LEDs for status indication complete the technology of the sending unit.
The green LED lights up as soon as the transmitter is switched on with the rocker switch and the Arduino is started.
The red LED informs about the status of the transmitter module: While the button to operate the lift is pressed, the red LED lights up to indicate that a signal is being transmitted to the receiver. If, on the other hand, the red LED flashes continuously, there is no connection to the receiver. In this case, the radio module periodically attempts to reconnect.
The yellow LED lights up as soon as the transmitter unit is positioned in the charging station and the battery is being charged. An ordinary power bank with a 3.7 V battery was used as battery and 5 V charge controller. Depending on the charging electronics used, the yellow LED lights up continuously or flashes and switches off when charging is complete.
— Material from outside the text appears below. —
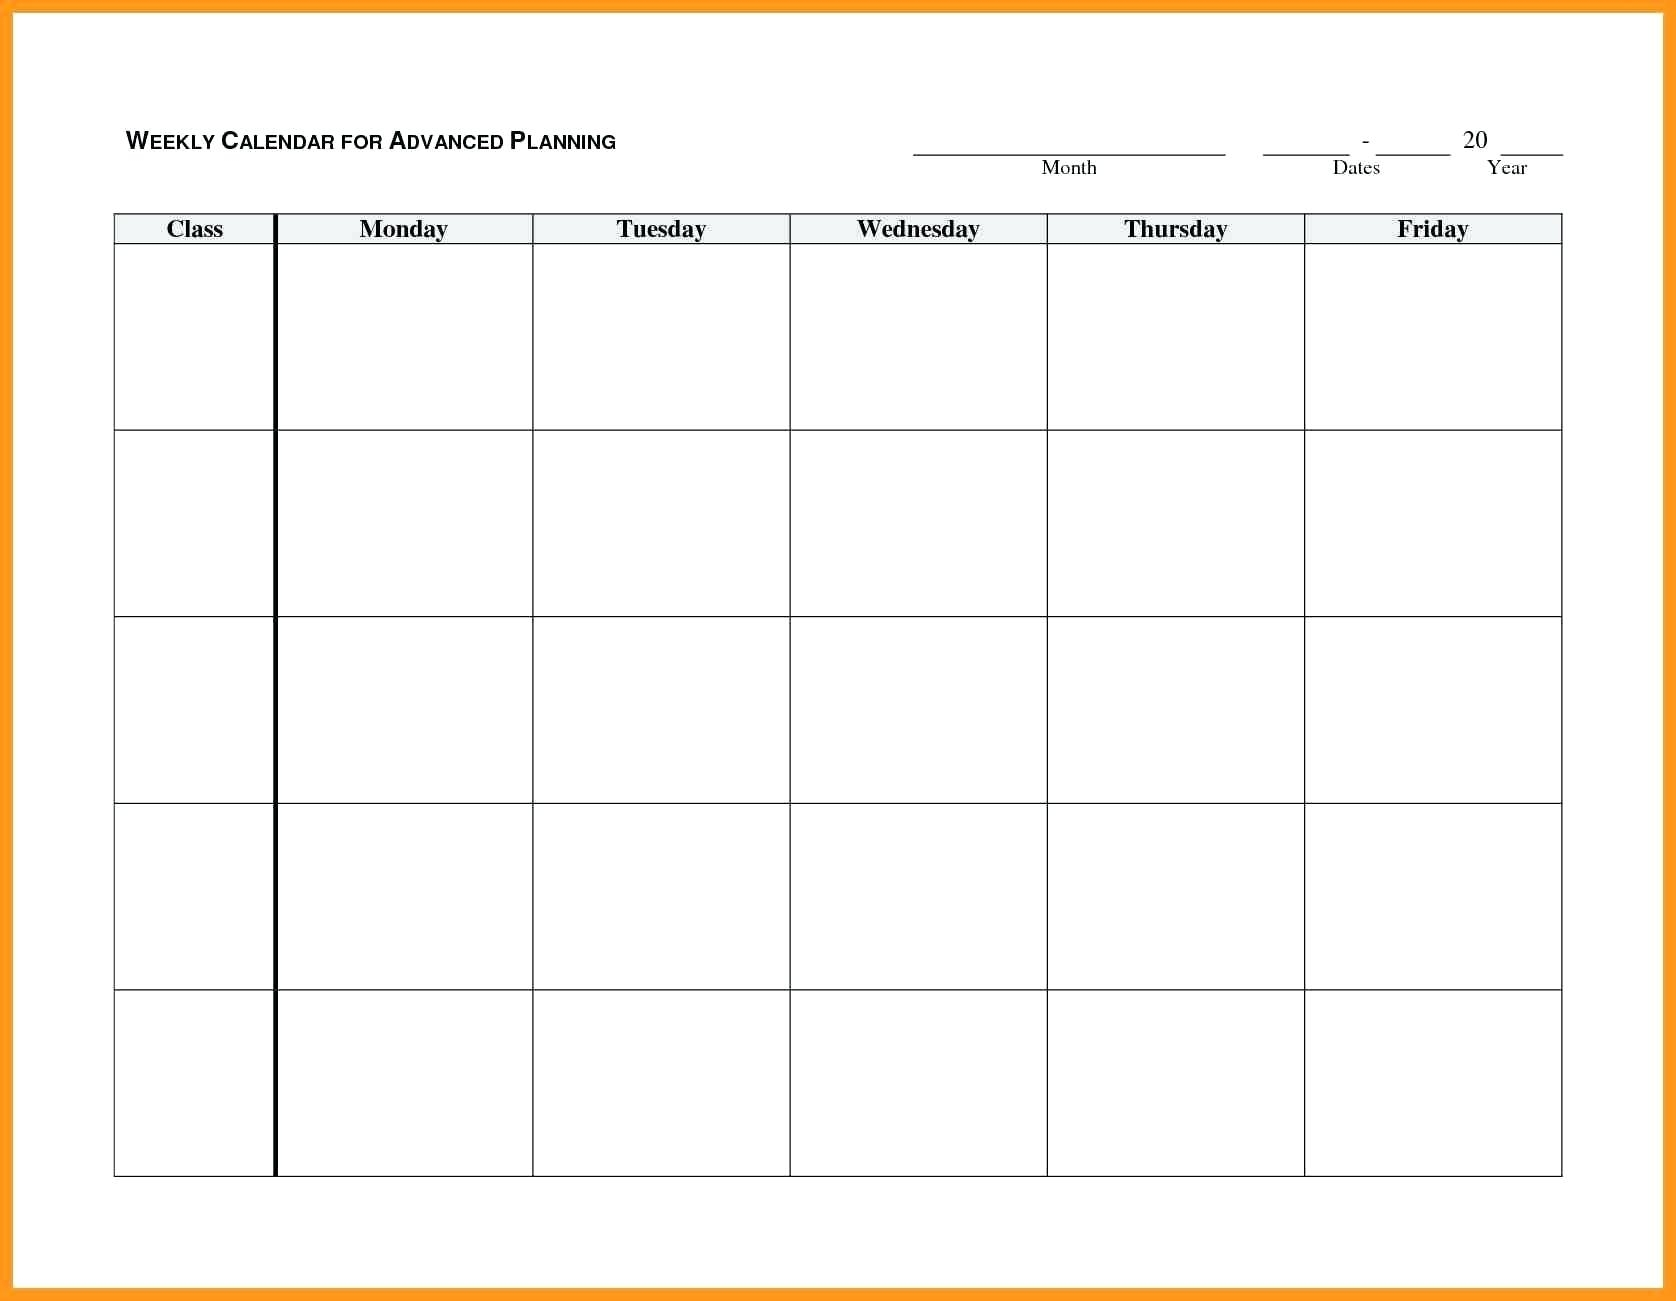 Blank Weekly Ndar Monday Through Friday Template Word Free Printable for Monday Through Friday Planner Template

Contact plates for AA batteries were used to design the transmitter’s charging tray and attached with hot glue. The latching mechanism was adapted in CAD so that the remote control is automatically switched off when it is inserted into the charging cradle. Neodymium magnets in the back panel ensure that the transmitter adheres to metallic surfaces.
Discussion & Outlook
In this project, a standard vehicle lift was retrofitted with radio remote control. The installation was simple, the operation intuitive and reliable. No safety features were bypassed and operation does not pose any safety issues if carried out properly. By selecting one of the two methods (RC vs. Bluetooth), it is possible to implement a functional and reliable solution with the alternative radio protocol even under interfering frequencies (as is the case in the test workshop). However, by using the radio modules, a higher radio range is possible. Both implementations were presented, built and successfully tested. As an extension with regard to safety aspects, an emergency stop switch on the transmitter unit could be considered – but the presented system with high-trigger relays currently shows no necessity for this.